I'm afraid I have to quote some more from A Death in the Family. I hope you won't mind too much. It's just that I got to the exact midpoint of the book on my lunch today, and there, just as literature teachers tell you it's supposed to, an important turning point happened.
Karl Ove Knausgaard, the author/narrator/protagonist, comes to reflect on the book he is in the process of writing at this point in this book he has already written, and on his reasons for writing in general. It turns out to be an attempt at relief from the feeling that everything that can happen in the world is already understood. This feeling is completely wrong, he recognizes, and is caused by the fact that the world we live in is mostly one of our own creation, in our own minds, composed of linguistic categories like concepts and beliefs and ideas. There is always a tension between one's feeling that one already understands everything and one's longing to escape the world that produces and validates that feeling — a tension he is compelled to ease by writing about it.
What I was trying to do, and perhaps what all writers try to do — what on earth do I know? — was to combat fiction with fiction. What I ought to do was affirm what existed, affirm the state of things as they are, in other words, revel in the world outside instead of searching for a way out, because like this I would undoubtedly have a better life, but I couldn't do it, I couldn't; something had congealed inside me, a conviction was rooted inside me, and although it was essentialist, that is outmoded and furthermore romantic, I could not get past it, for the simple reason that it had not only been thought but also experienced, in these sudden states of clear-sightedness that everyone must know, where for a few seconds you catch sight of another world from the one you were in only a moment earlier, where the world seems to step forward and show itself for a brief glimpse before reverting and leaving everything as before…Reading this at the large staff table while eating my lentil soup, I suddenly gasped with astonishment at the sharp, insightful, but ultimately impotent self-awareness going on here. Someone else at the table asked me if I was still enjoying the book, and all I could do was nod sweatily. What I was reading was exactly what it's our project at the magazine to point people towards and help guide them through. Yet it was being framed in such a psychological/literary rather than moral/spiritual way, I didn't feel capable of talking about it without alienating the other lunchers.

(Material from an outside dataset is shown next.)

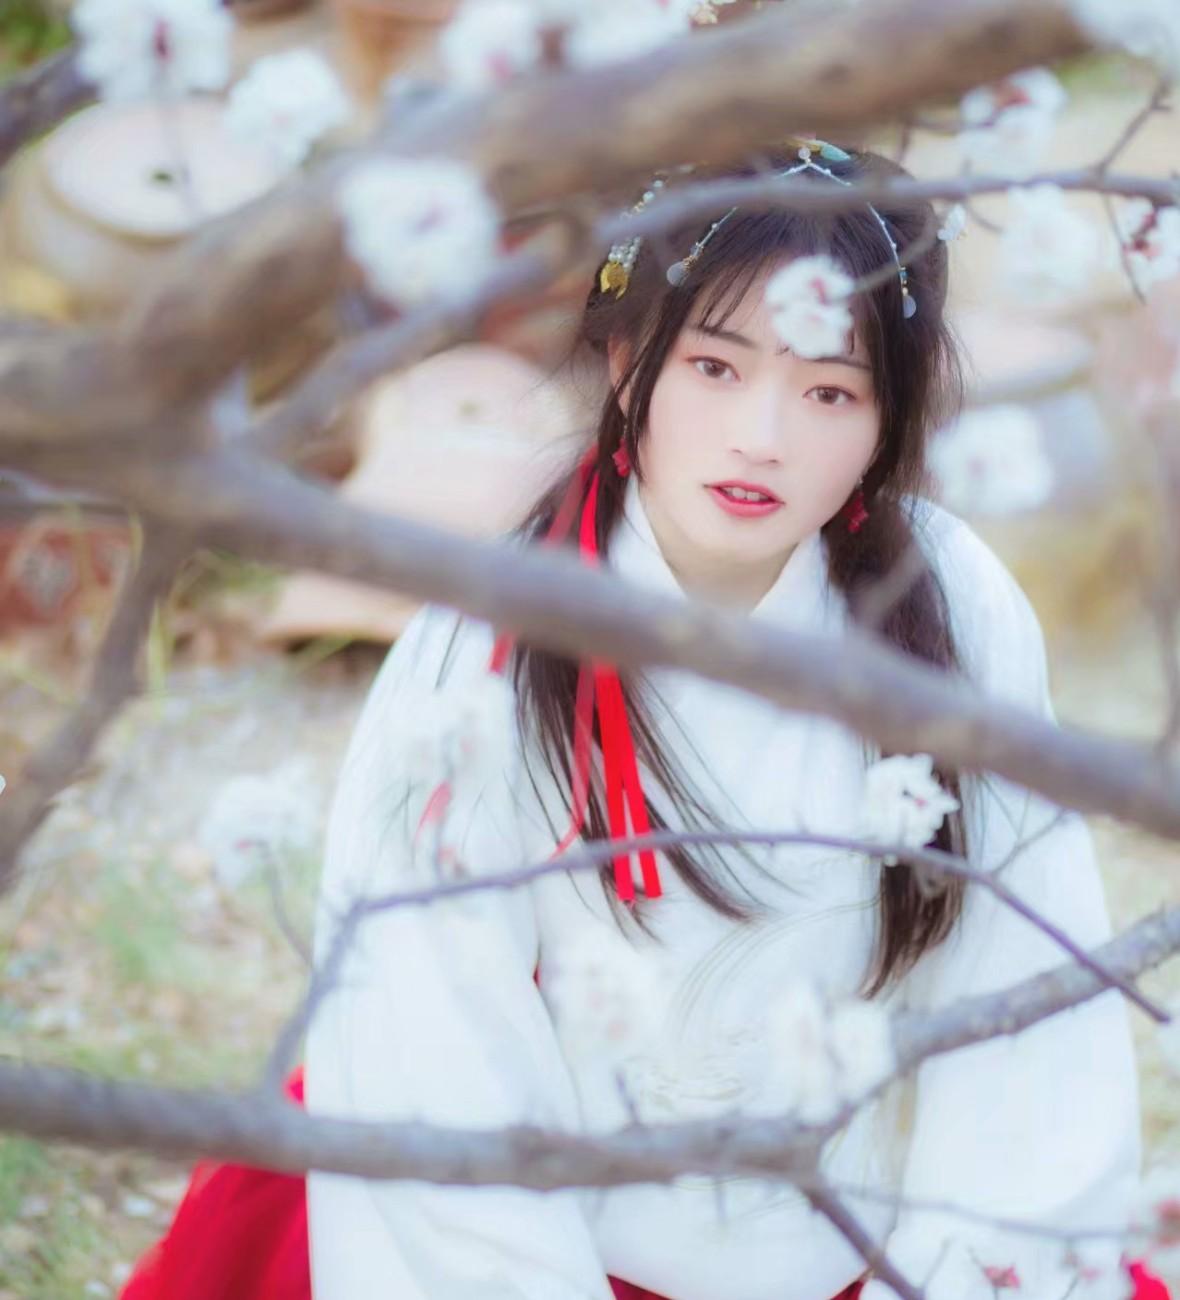 【花粉女生】落梅,花粉女生-花粉俱乐部

And then came the best description of a mystical experience I think I've ever read:
The last time I experienced this was on a commuter train between Stockholm and Gnesta a few months earlier. The scene outside the window was a sea of whiteness, the sky was grey and damp, we were going through an industrial area, empty railway carriages, gas tanks, factories, everything was white and grey, and the sun was setting in the west, the red rays fading into the mist, and the train in which I was travelling was not one of the rickety old run-down units that usually serviced this route, but brand new, polished and shiny, the seat was new, it smelt new, the doors in front of me opened and closed without friction, and I wasn't thinking of anything in particular, just staring at the burning red ball in the sky and the pleasure that suffused me was so sharp and came with such intensity that it was indistinguishable from pain. What I experienced seemed to me to be of enormous significance. Enormous significance. When the moment had passed the feeling of significance did not diminish, but all of a sudden it became hard to place: exactly what was significant? And why? A train, an industrial area, sun, mist?So honest and perceptive. I really think he came close here to fulfilling his mission of fighting fiction with fiction. I hope he felt as much relief from getting that out in words as I felt from the recognition that profound yet ineffable glimpses of reality are not just one's own private delusions. They are there to be had and sometimes maybe even effed.